First, sorry can be used with a complement having the form of what The Cambridge Grammar calls a content clause:
(1) I’m sorry that the the political situation in the Holy Land is still mired in violence, because I wanted to go to Bethlehem at Christmas.
If I utter (1), I am not apologizing; I have never caused or defended any of the violence in the Middle East. It’s not my fault. I just regret that the situation persists.

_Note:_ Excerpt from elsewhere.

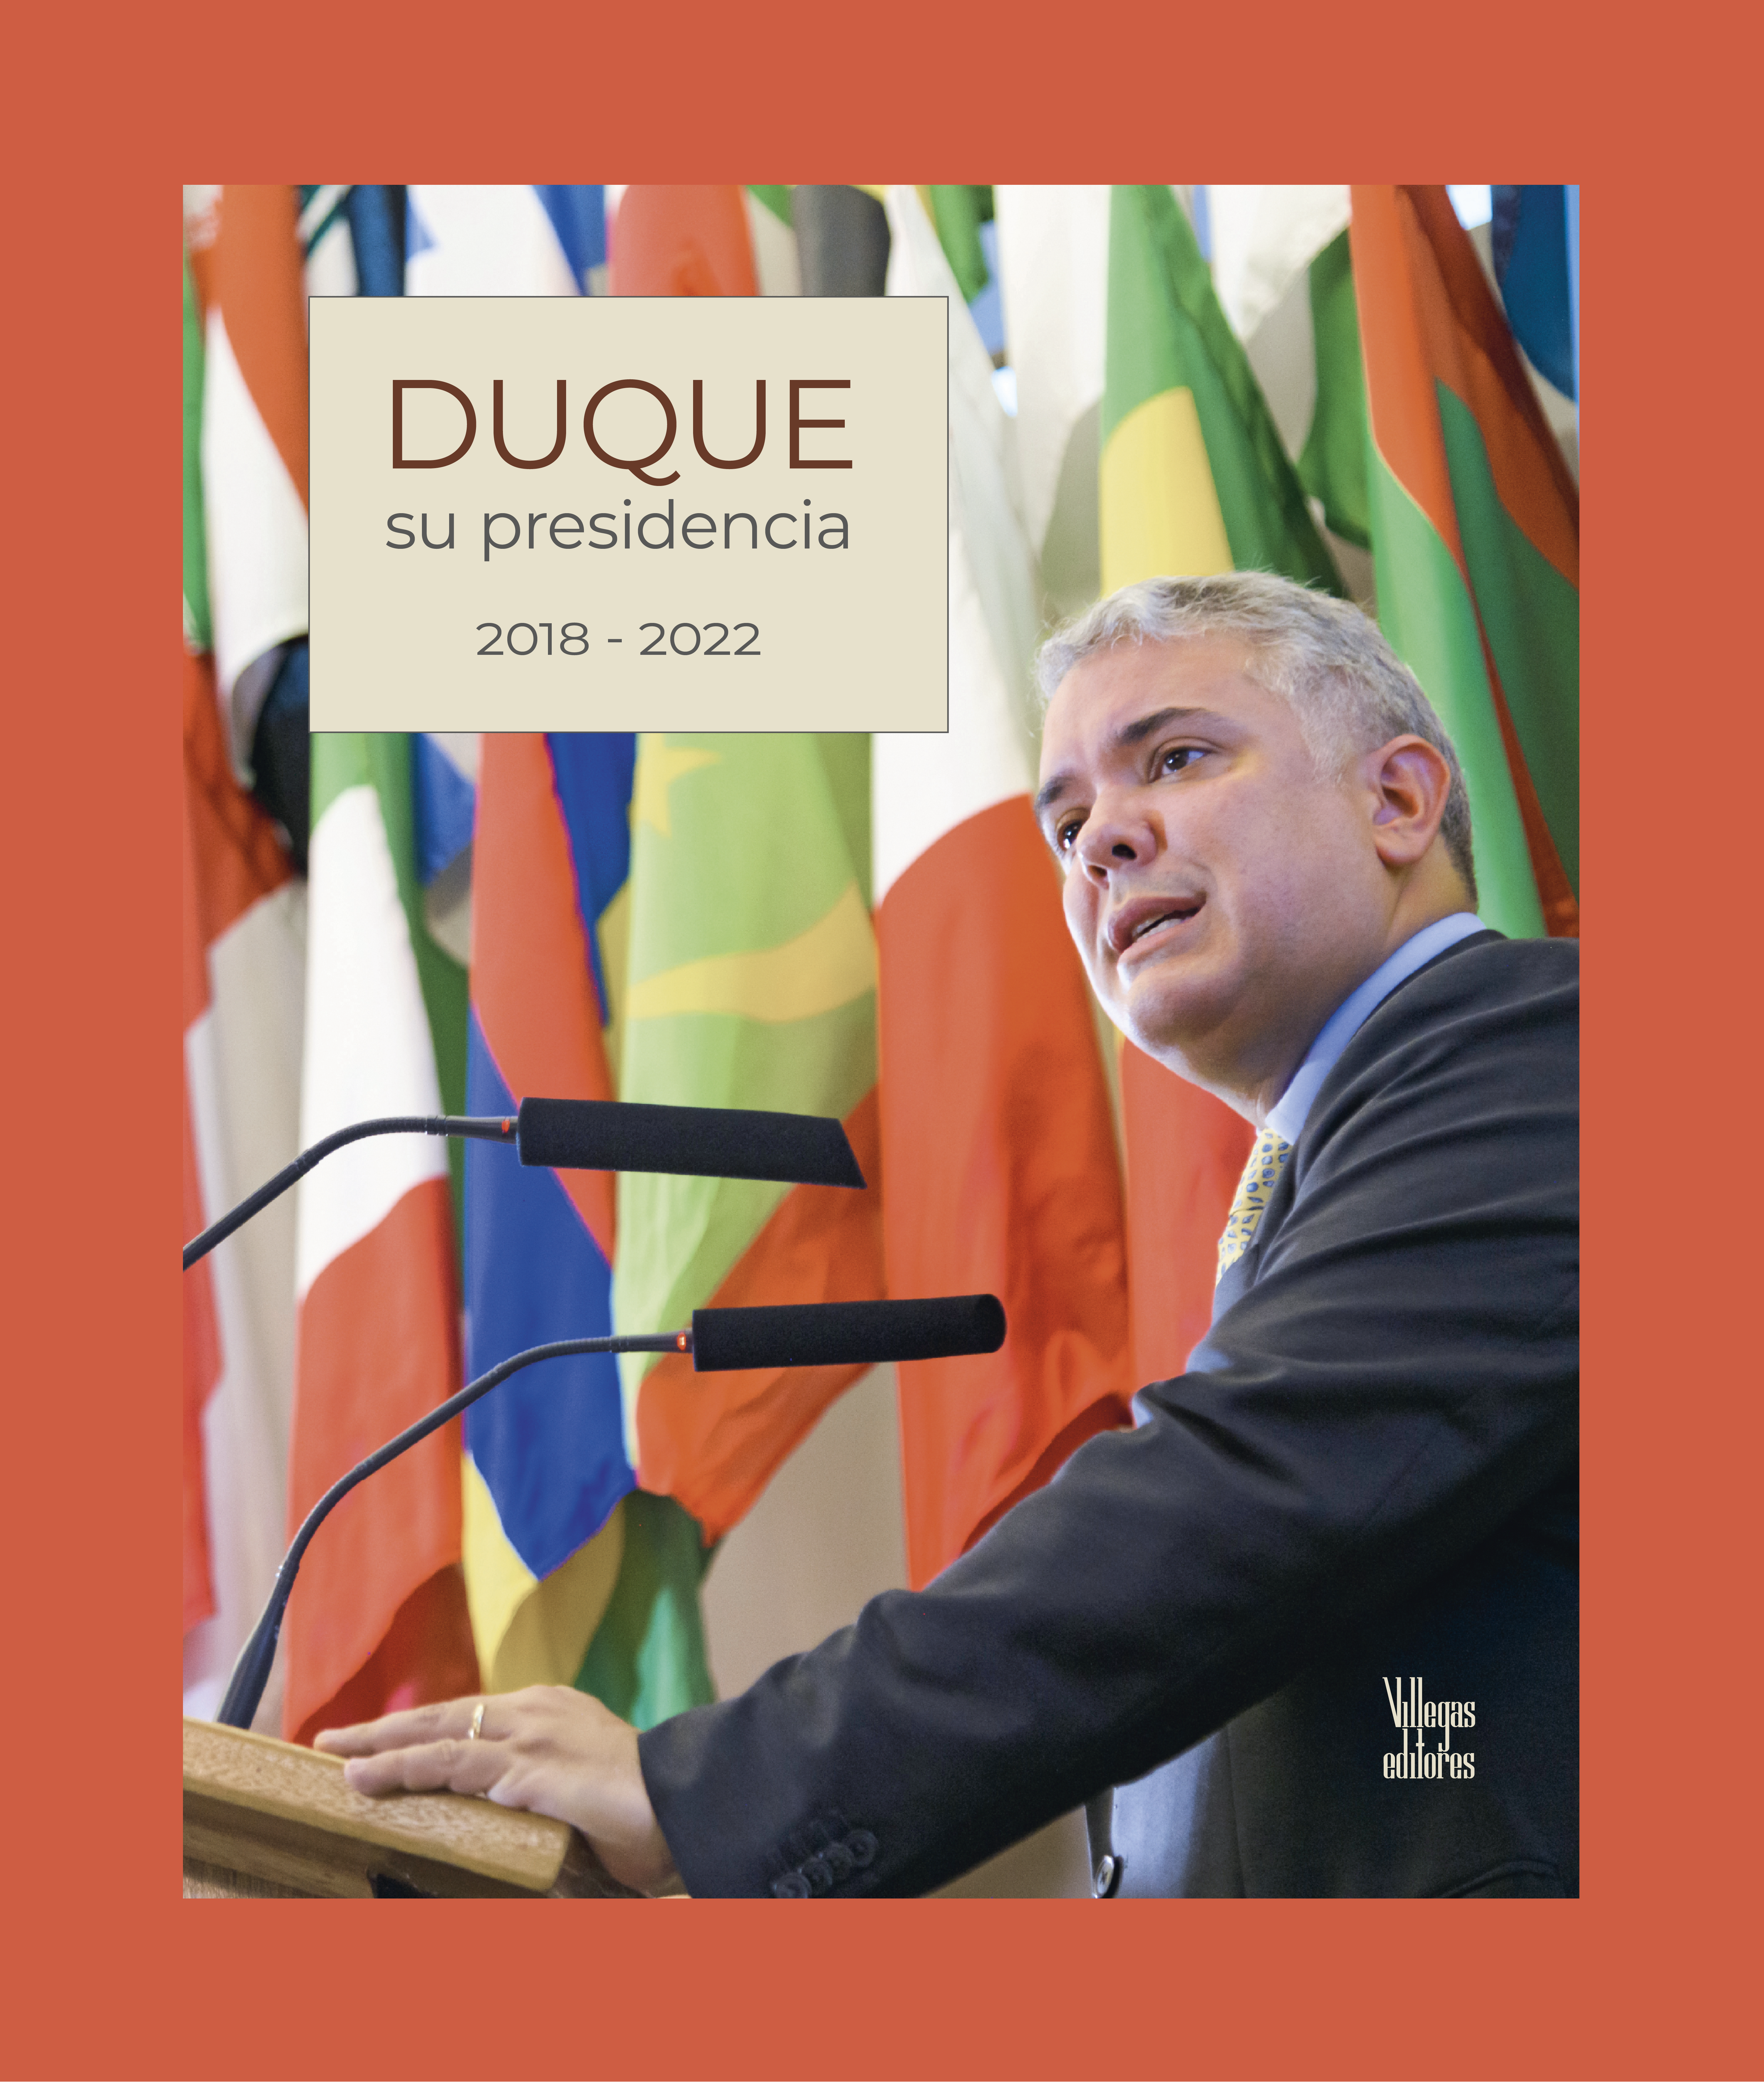 Portada del libro "Duque. Su presidencia". (Cortesía: Villegas Editores).

This use can constitute an apology (as Jonathan Wright reminded me when he read the first version of this post), but only when the content clause subject is first person as well: I’m sorry I hit you is an apology, but I’m sorry you were hit is not, so watch for that subject.
Second, sorry can be used with a preposition phrase headed by for with a complement noun phrase denoting a sentient creature:
(2) I’m sorry for that poor little kitten, which seems to have figured out how to climb up a tree without having any idea how to get down.

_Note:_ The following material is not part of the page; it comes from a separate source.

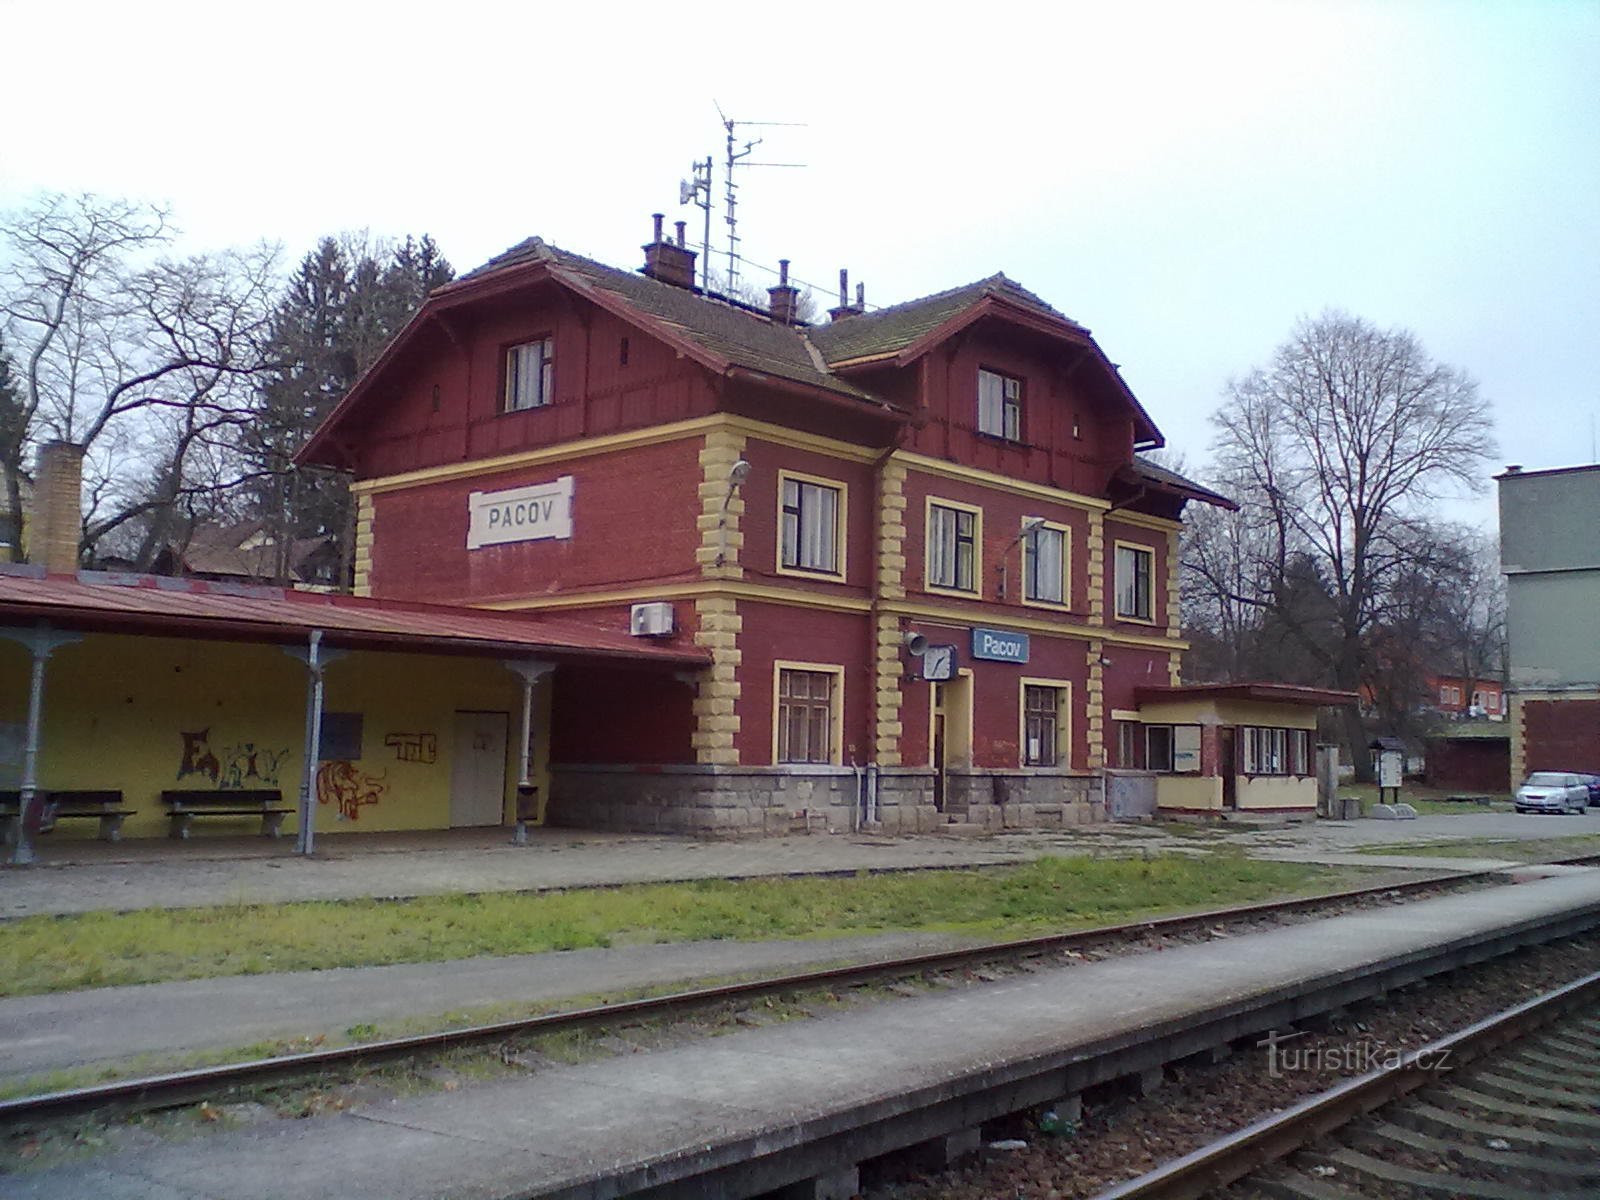 1. stazione ferroviaria di Pacov - punto di partenza e di arrivo del pellegrinaggio.

If I utter (2), I am not apologizing; I never suggested to the stupid kitten that it should climb fifty feet up into a beech tree. I’m just expressing sympathy, as a fellow mammal, for its present plight.
And third, sorry can be used with a preposition phrase headed by for where the preposition has as its complement a subjectless gerund-participial clause or a noun phrase denoting an act:
(3) a. I’m sorry for doing what I did; I behaved like an utter pig, and you have a right to be angry.

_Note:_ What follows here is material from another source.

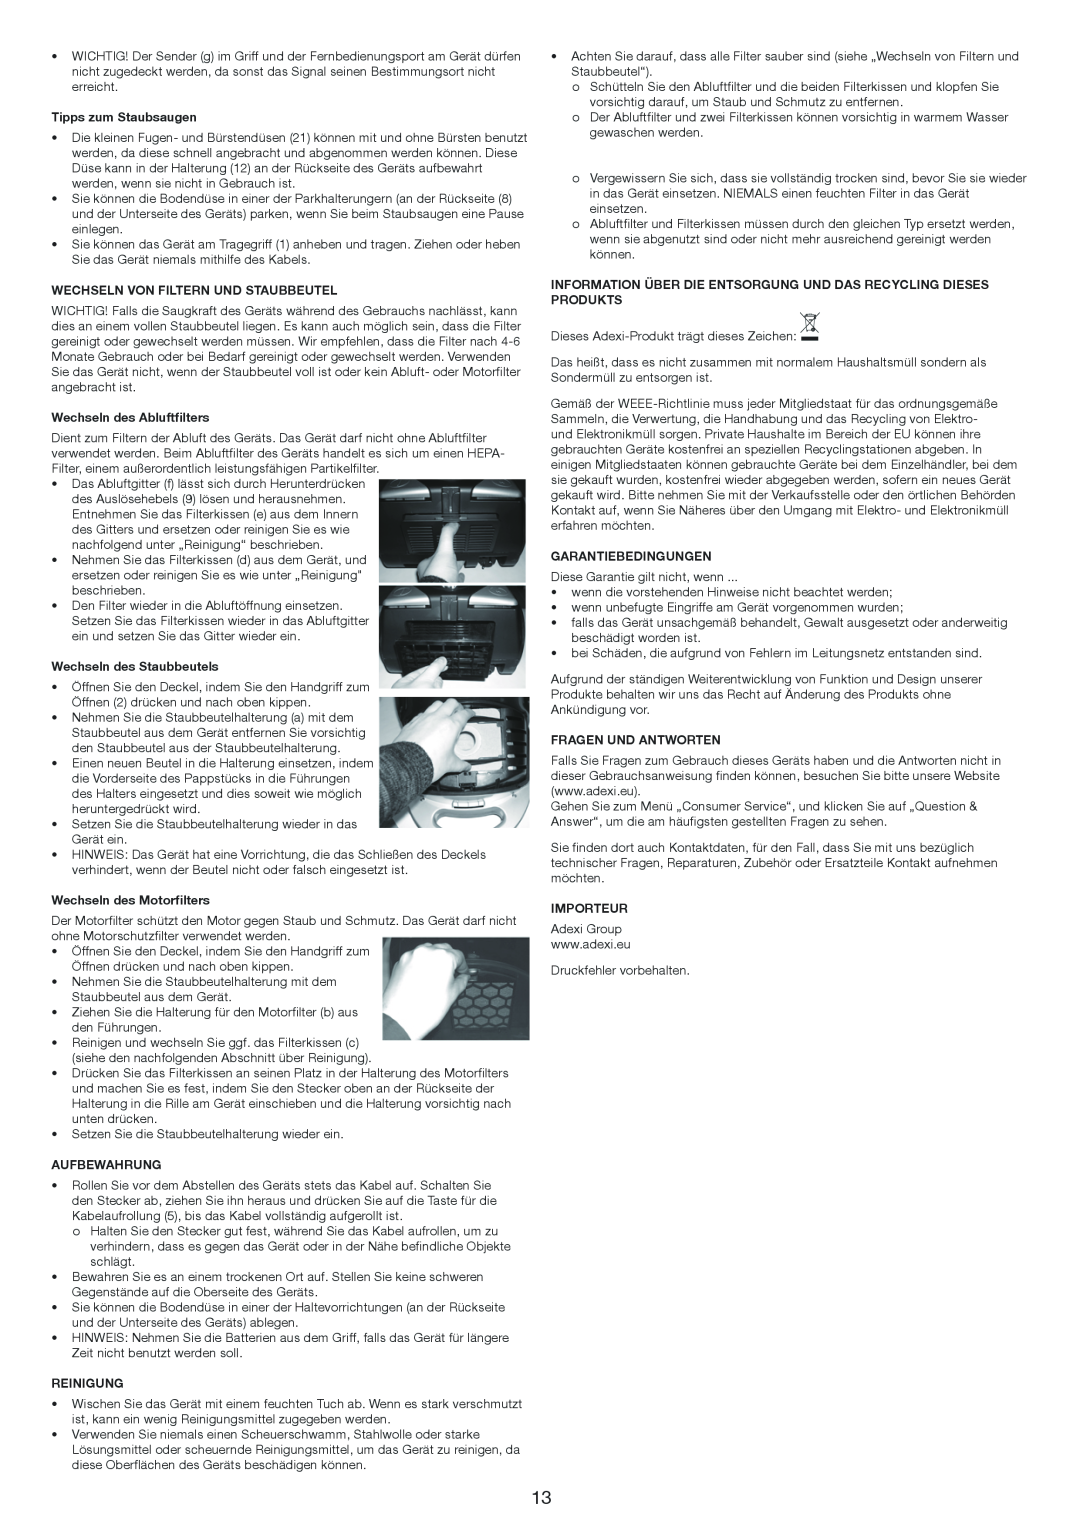 Melissa 640-174 manual Tipps zum Staubsaugen

(3) b. I’m sorry for my actions last night; I should never have acted that way and I want you to forgive me.
Only this third kind of use can constitute an apology, as opposed to a statement of regret about the truth of a proposition or a statement of sympathy for a fellow creature.
Liberman furthers the analysis when he looks at the “I’m sorry if…” syntax:
The “sorry if” pattern is a syntactic structure that Geoff didn’t include in his taxonomy. It might be a form of the conditional “If my referencing … was in any way offensive, (then) I’m sorry”, with the apodosis put in front of the protasis. Or maybe sorry has developed an if-complement, as in structures like “I wonder if …” or “I don’t know if … “.
In any case, from a communicative and emotional point of view, Senator Clinton’s sentence clearly belongs with Geoff’s sorry statements of the first kind. And in fact “If my remarks were in any way offensive, I’m sorry” is even weaker than “I’m sorry that my remarks were in any way offensive”, since it doesn’t even grant that it’s a fact that the remarks were in any way offensive.
We should also note that being sorry for causing offense is itself a rather weak form of sorriness, since it doesn’t necessarily imply being sorry for the actions or words that caused the offense. It’s perfectly appropriate to take a stance like “I’m sorry for offending you, but what I said was true and had to be said.” Senator Clinton didn’t go so far as to express regret for having referenced the RFK assassination, only for the fact that referencing it might have caused offense (and only, she feels, because it was misinterpreted).
Given how often non-privileged groups are subject to non-apology “apologies” after being subject to sexism, racism, and other oppressive behaviours (Harlan Ellison, anyone?), both Pullman’s and Liberman’s posts strike me as a useful resource for pointing out exactly why those so-called apologies fall so far short of the mark.